MCPCBs based on epoxy dielectrics are useful in visible light applications but UV (and in particular UVC) degrades organic substances such as epoxy, significantly reducing the lifespan of MCPCBs used in UV applications. The only viable alternative is to use electronics-grade ceramics.

Of these, aluminium nitride (AIN) features excellent thermal conductivity (140W/mK-170W/mK), but it is also expensive. Aluminium oxide (Al2O3) is a more cost-effective alternative but doesn’t offer the thermal conductivity needed for UV LEDs (20W/mK-30W/mK). Both are brittle and can damage easily, which means they cannot easily be screw-mounted and are not suitable for more rugged applications.

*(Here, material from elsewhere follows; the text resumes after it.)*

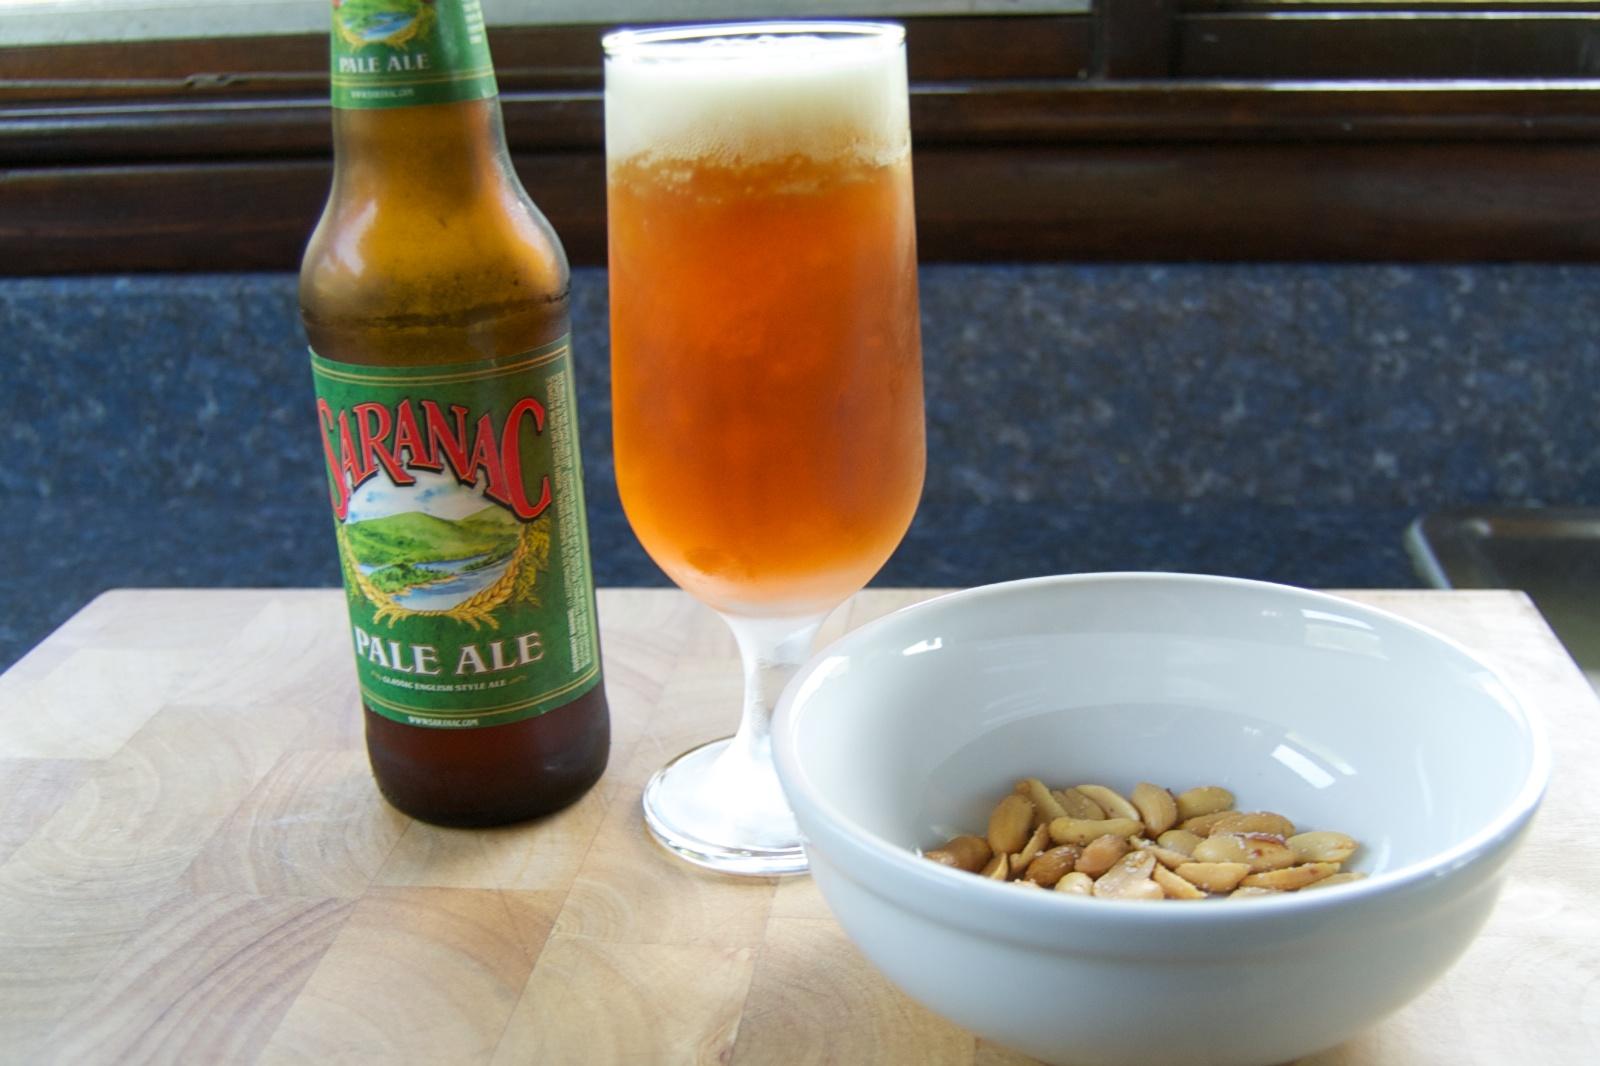 http://blog.rickk.com/food/2012/05/20/ate.2012.05.20.s.jpg

The alternative is nano-ceramic with a sputtered circuit layer. This provides a more‑than‑adequate thermal conductivity of 150W/mK, well within the thermal range required.

Using a patented electro-chemical oxidation (ECO) process, Cambridge Nanotherm used this approach to transform the surface of an aluminium board into an incredibly thin layer of alumina (Al2O3) ceramic measuring just tens of microns thick.

This layer acts as the dielectric between the circuit above and the aluminium below. As the layer produced by the ECO process is extraordinarily thin, heat can easily pass through, giving the substrate its exceptional thermal conductivity.

Thin-film processing, or sputtering, follows the ECO process, which directly attaches the copper circuit layer to the nano-ceramic dielectric to further improve the thermal efficiency of the stack. At no stage is organic epoxy used, so there is nothing for UV to degrade.

This whole approach creates an MCPCB with a thermal performance that rivals aluminium nitride (AlN) but without any of the problems associated with poor manufacturability or brittleness.

UVC sterilisation and disinfection enabled by LEDs is a technology that can have a genuinely transformative effect. But for analysts’ projections to become reality manufacturers and designers will need to ensure they can overcome the thermal challenges UV LEDs present.